I have created this piece of code to calculate the variances:
install.packages("expm")
library(expm)
# creating standard basis vectors
e <- function(i) {
e_i = rep(0, length(alpha))
e_i[i] = 1
return(e_i)
}
# compute variances
p2p_variance = function(n, alpha, P) {
variance = list()
pi_n = list()
for (i in 1:length(alpha)) {
pi_n[[i]] = e(i) %*% (P %^% n)
beta = (t(alpha) - t(alpha)[i])^2
variance[[i]] = (pi_n[[i]] %*% t(beta)) - (((pi_n[[i]] %*% alpha) - alpha[i]) %^% 2)
}
return(t(variance))
}
And for my values of alpha (vector of log levels of income) and P (transition matrix) I use:
alpha = c(3.4965, 3.5835, 3.6636, 3.7377, 3.8067, 3.8712, 3.9318, 3.9890, 4.0431, 4.0943, 4.1431)
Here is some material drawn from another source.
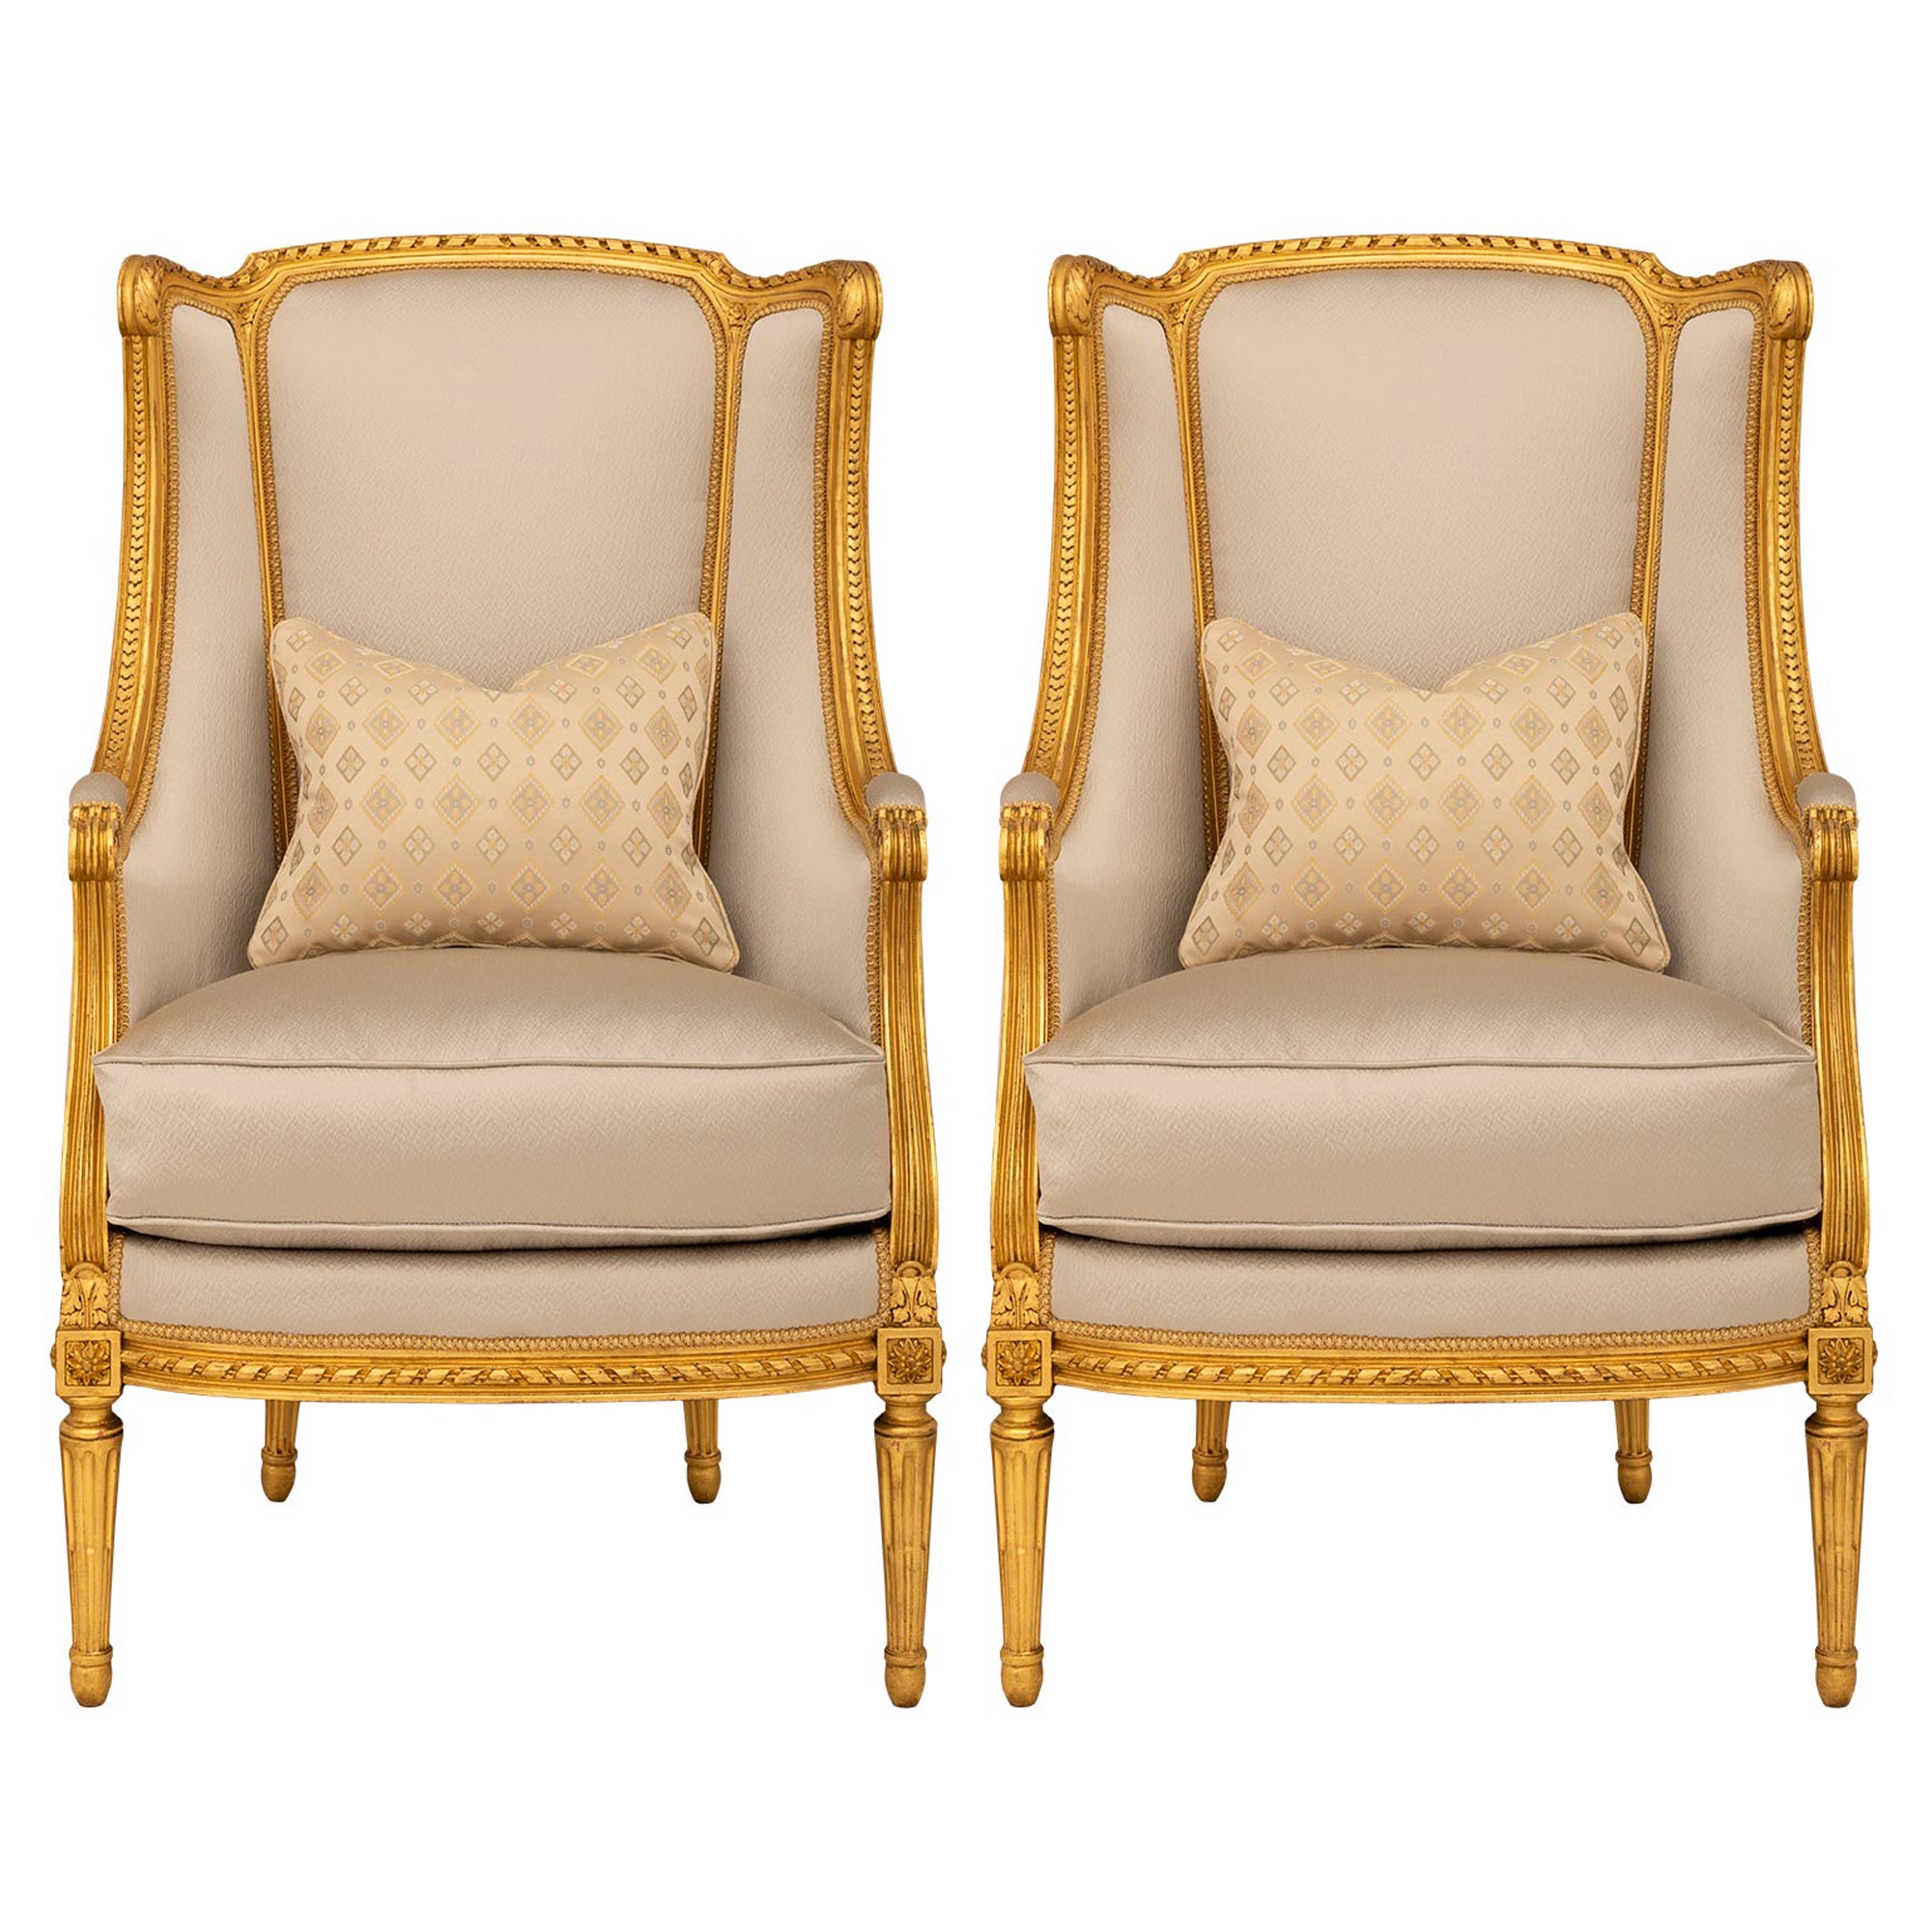 Paire de fauteuils Bergère en bois doré de style Louis XVI du XIXe siècle

P = rbind(c(0.9004, 0.0734, 0.0203, 0.0043, 0.0010, 0.0003, 0.0001, 0.0001, 0.0000, 0.0000, 0.0000),
c(0.3359, 0.3498, 0.2401, 0.0589, 0.0115, 0.0026, 0.0007, 0.0003, 0.0001, 0.0001, 0.0000),
c(0.1583, 0.1538, 0.3931, 0.2346, 0.0481, 0.0090, 0.0021, 0.0007, 0.0003, 0.0001, 0.0001),
c(0.0746, 0.0609, 0.1600, 0.4368, 0.2178, 0.0397, 0.0073, 0.0019, 0.0006, 0.0002, 0.0001),
c(0.0349, 0.0271, 0.0559, 0.1724, 0.4628, 0.2031, 0.0344, 0.0067, 0.0018, 0.0006, 0.0003),
c(0.0155, 0.0122, 0.0230, 0.0537, 0.1817, 0.4870, 0.1860, 0.0316, 0.0066, 0.0018, 0.0009),
c(0.0066, 0.0054, 0.0100, 0.0204, 0.0529, 0.1956, 0.4925, 0.1772, 0.0307, 0.0064, 0.0023),
c(0.0025, 0.0023, 0.0043, 0.0084, 0.0186, 0.0530, 0.2025, 0.4980, 0.1760, 0.0275, 0.0067),
c(0.0009, 0.0009, 0.0017, 0.0035, 0.0072, 0.0168, 0.0490, 0.2025, 0.5194, 0.1721, 0.0260),
c(0.0003, 0.0003, 0.0007, 0.0013, 0.0029, 0.0061, 0.0142, 0.0430, 0.2023, 0.5485, 0.1804),
c(0.0001, 0.0001, 0.0002, 0.0003, 0.0008, 0.0017, 0.0032, 0.0068, 0.0212, 0.1079, 0.8578))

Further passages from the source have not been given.